Видит Таятхыт — это опять голова старшего брата. Перешагнул он через миску и вышел с мыслью: «Пойду народ звать. Всех соберу!»
Отправился Таятхыт. Разных зверей созвал: медведей, диких оленей, горных баранов, лосей. И лис тоже тут.
— Ну же, пошли к Куйкынняку.
Пришли.
— Эй! Двоюродный брат, это мы пришли!
— Сейчас. Погодите! Вот приглашу, тогда входите. Ягодным запасом моим угощу.
Таятхыт спросил:
— Ну, медведь, как нам быть?
— Это по мне. Поедим ягод. Пошли!
Вошли звери. А Куйкынняку как раз успел рыбьи жабры и хвосты в золу очага закопать. Закопал и сказал:
— Вот как вас наружу потянут, начинайте дымить!
Потом домочадцам сказал:
— Ну-ка, несите угощение!
Все вышли. Один Куйкынняку в жилье остался, чтобы сторожить пришедший народ. А домочадцы уже начали летнюю дверь камнями заваливать, громко работали. Медведь и спросил:
— Что это стучит?
— Мешок с орехами.
— Орехов поедим!
Еще камень стукнул.
— А это что?
— Мешок с голубикой.
Медведь даже заплясал от радости.
— Эх, поедим ягод!
Потом снаружи кричат:
— Входное бревно от свайного балагана сломалось. И мешок с орехами порвался. Одеяло дай! И входное бревно принеси, возьми у входа в землянку.

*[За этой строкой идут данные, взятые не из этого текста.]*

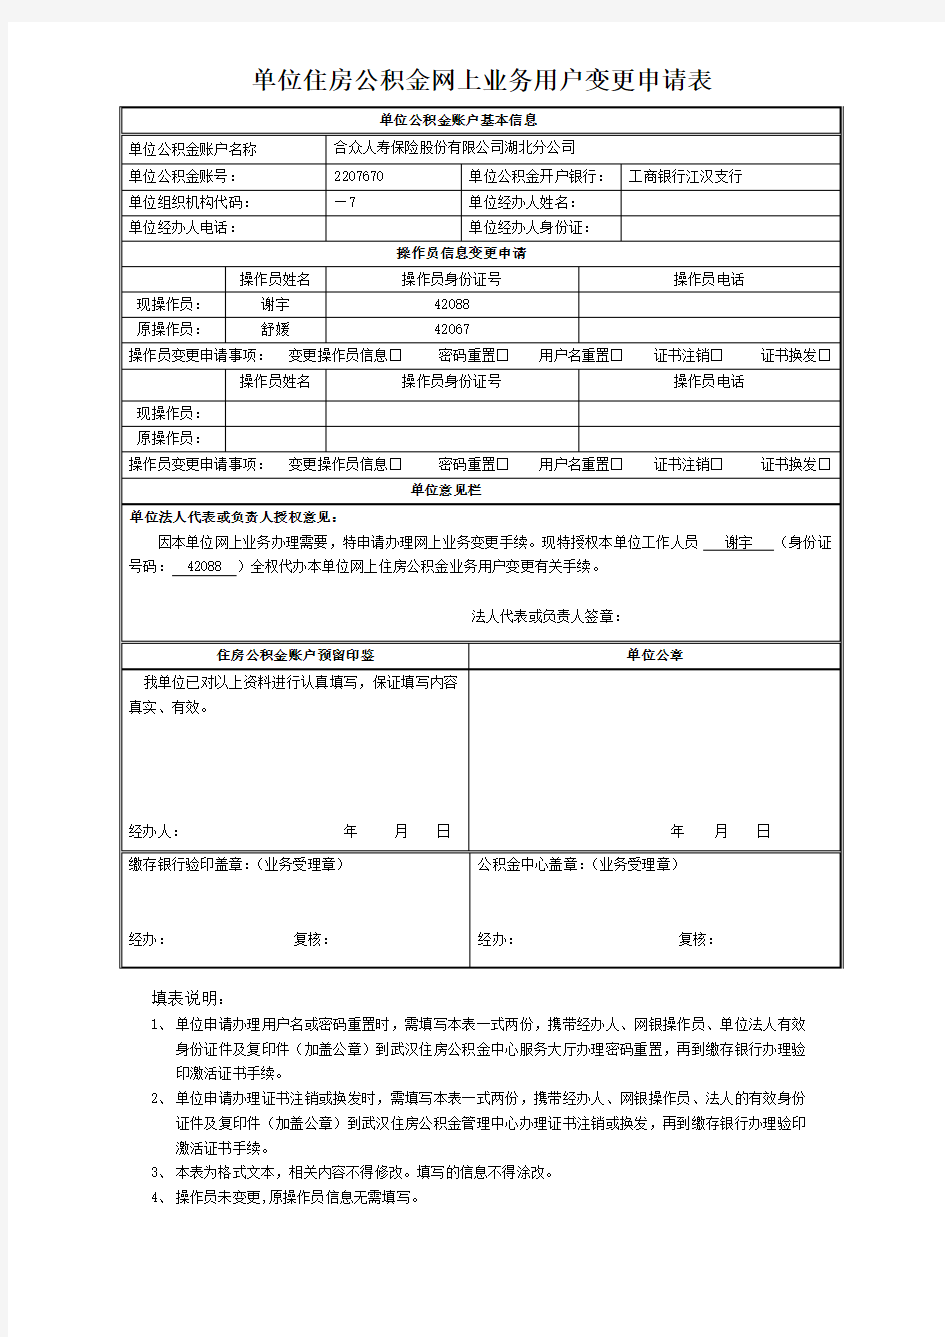 武汉单位住房公积金网上业务用户变更申请表
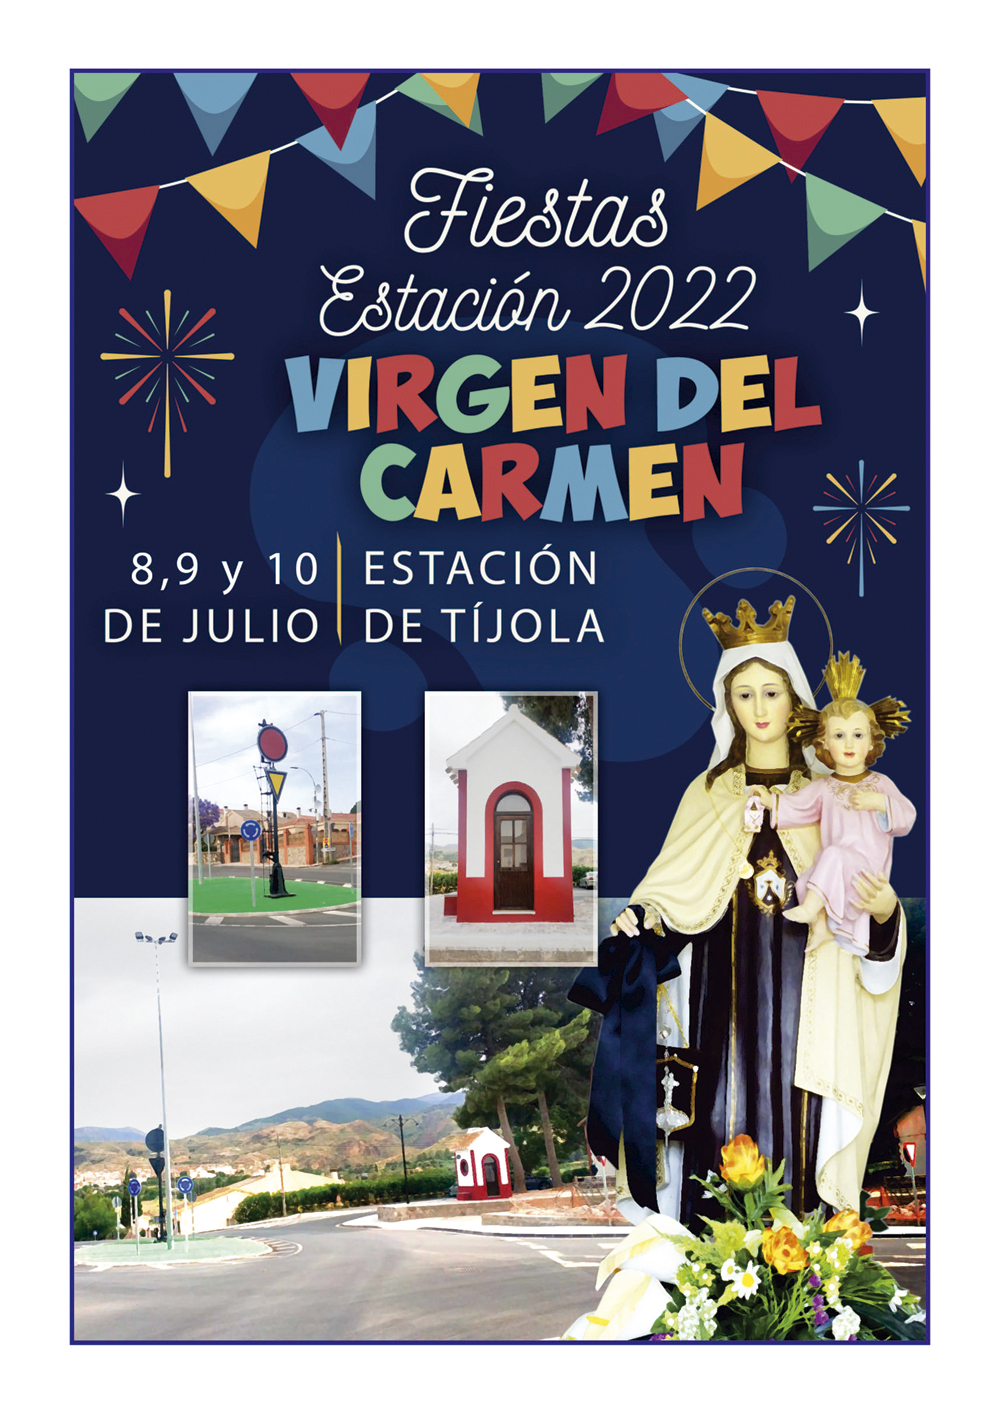 Imagen de la Portada del Libro de Fiestas de la Estación 2022. Imagen de la Virgen del Carmen al fondo.

Вышел Куйкынняку наружу. Сняли входное бревно, верхнюю входную дыру одеялом накрыли. Закричал Куйкынняку:
— Эй, рыбьи жабры, рыбьи хвосты, начинайте дымить!
Задымили. Все звери в землянке задохнулись, только двое едва выбрались — лис да Таятхыт. Лис тотчас в тундру убежал.
Опять пошел Таятхыт зверей звать. На этот раз к морю пошел. Созвал всех морских зверей: китов, моржей, нерп, лахтаков, рыб.
— Ну, идем к Куйкынняку!
А море от множества зверей как суша стало.
— Эй! Мы пришли!
Увидела их Мити, сказала:
— Худо, Куйкынняку! Море от суши не отличишь!
— Живо, Мити, краску из ольховой коры подай!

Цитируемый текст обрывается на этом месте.